Efficient and Effective VLA Reinforcement Learning Framework

  • End-to-end VLA RL pipeline built on veRL with VLA-specific optimizations
  • Multi-environment parallel rendering significantly accelerates VLA trajectory sampling
  • Leverages veRL's state-of-the-art infrastructure: efficient distributed training (FSDP), hybrid communication patterns, and optimized memory management for fast training/inference

Model and Environment Support

Minimal Reward Engineering and Exploration Strategies

  • Binary (0/1) outcome rewards - no complex reward design needed
  • Exploration strategies: dynamic sampling, adaptive clipping, temperature tuning

🔧Key Implementations

SimpleVLA-RL extends veRL with VLA-specific components across the following modules:

verl/trainer/main_ppo.py

  • Main entry point with ray initialization
  • RobRewardManager for reward distribution

verl/trainer/ppo/ray_trainer.py

  • Main RL training loop: data loading, VLA rollout, model updates, evaluation, checkpointing
  • RL algorithm-specific advantage computation

verl/workers/fsdp_workers.py

  • Source of core functions called in ray_trainer.py
  • VLA model/optimizer initialization, generate_sequences, compute_entropy, update_actor

verl/workers/actor/dp_rob.py

  • Specific implementation of functions in fsdp_workers.py
  • RL loss computation, policy updates, compute_log_prob, compute_entropy

verl/workers/rollout/rob_rollout.py

  • VLA rollout implementation: environment creation, multi-environment parallel rendering, VLA action generation, environment interaction, video saving, trajectory and 0/1 reward collection

verl/utils/dataset/rob_dataset.py

  • Dataset construction for training/testing across benchmarks

verl/utils/vla_utils/

  • VLA model implementations (OpenVLA-OFT/OpenVLA from official code)

✨Getting Started

1. Set Up the Environment

See SETUP.md for detailed instructions on setting up the conda environment.

2. Prepare the SFT Model

An SFT (Supervised Fine-Tuning) VLA model is required for RL training. Below are the available options:

  • OpenVLA-OFT SFT Models
    Download from the SimpleVLA-RL Collection. Available models include:

    • libero-10 traj1/trajall SFT
    • libero-goal/object/spatial traj1 SFT
    • Robotwin2.0 tasks traj1000 SFT
  • OpenVLA SFT Models
    Download from here.

  • Other Models
    For other models, you may need to fine-tune them yourself.

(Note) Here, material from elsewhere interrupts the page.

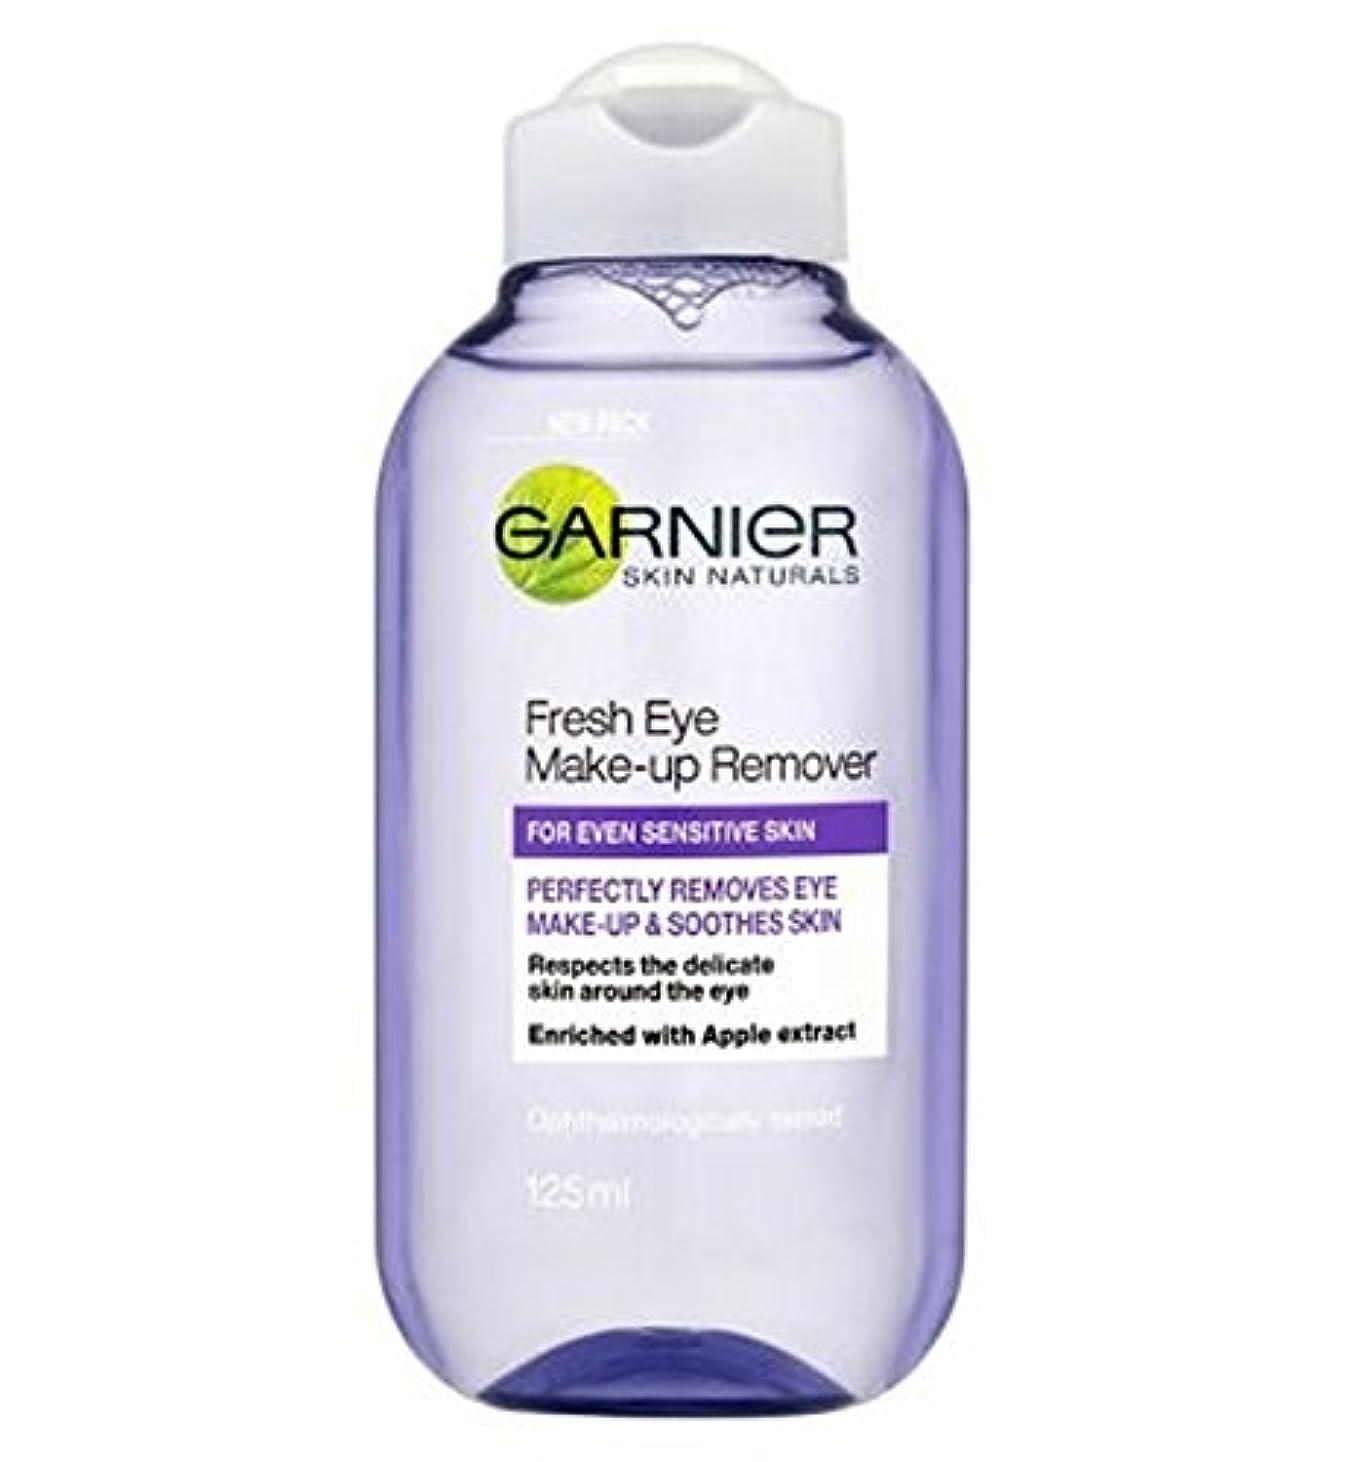 保護する既婚クレタガルニエ新鮮な目作るリムーバー125ミリリットル (Garnier) (x2) - Garnier Fresh Eye Make Up Remover 125ml (Pack of 2) [並行輸入品]

3. Train with SimpleVLA-RL

Before running the training script, ensure the following configurations are properly set:

  • Set Your Weights and Biases (WandB) API Key
    Replace the WANDB_API_KEY field in SimpleVLA-RL/align.json with your own WandB API key.

  • Modify Key Variables
    Update the following variables in examples/run_openvla_oft_rl_libero/twin2.sh as needed:

    • WANDB_API_KEY: Your WandB API key.
    • EXPERIMENT_NAME: The name of your experiment. You can choose any name.
    • SFT_MODEL_PATH: Path to your SFT model.
    • CKPT_PATH: Path where your checkpoints will be saved.
    • DATASET_NAME: For detailed options, refer to examples/run_openvla_oft_rl_libero/twin2.sh.
    • ALIGN_PATH: Path to the SimpleVLA-RL/align.json file.
    • NUM_GPUS: Number of GPUs available per node (e.g., 8).
    • NUM_NODES: Number of nodes used for RL training (e.g., 1).

Note

  • The script has been tested on the following configurations:
    • Single-node setup: NUM_NODES=1, NUM_GPUS=8 (1 node with 8 NVIDIA A800 GPUs, each having 80GB memory).
    • Multi-node setup: NUM_NODES=2, NUM_GPUS=8 (2 nodes with 16 NVIDIA A800 GPUs, each having 80GB memory).
  • The driver version used is 470.161.03, and the CUDA version is 12.4. (Not necessary)
  • Run RL Training
    Use the following command to start RL training for OpenVLA-OFT on the LIBERO or RoboTwin2.0 benchmark:

    bash examples/run_openvla_oft_rl_libero.sh
    or
    bash examples/run_openvla_oft_rl_twin2.sh

4. Run Evaluation

To evaluate the performance of your model, enable evaluation mode by setting trainer.val_only=True in examples/run_openvla_oft_rl_libero/twin2.sh. Then, execute the same script:

bash examples/run_openvla_oft_rl_libero.sh
or
bash examples/run_openvla_oft_rl_twin2.sh

📃 Main Results

We evaluate SimpleVLA-RL on the LIBERO using OpenVLA-OFT. SimpleVLA-RL improves the performance of OpenVLA-OFT to 97.6 points on LIBERO-Long and sets a new state-of-the-art. Remarkably, using only one trajectory per task for cold-start SFT, SimpleVLA-RL raises the performance of OpenVLA-OFT from 17.3 to 91.7, yielding an improvement of 74.4 points (430.1%).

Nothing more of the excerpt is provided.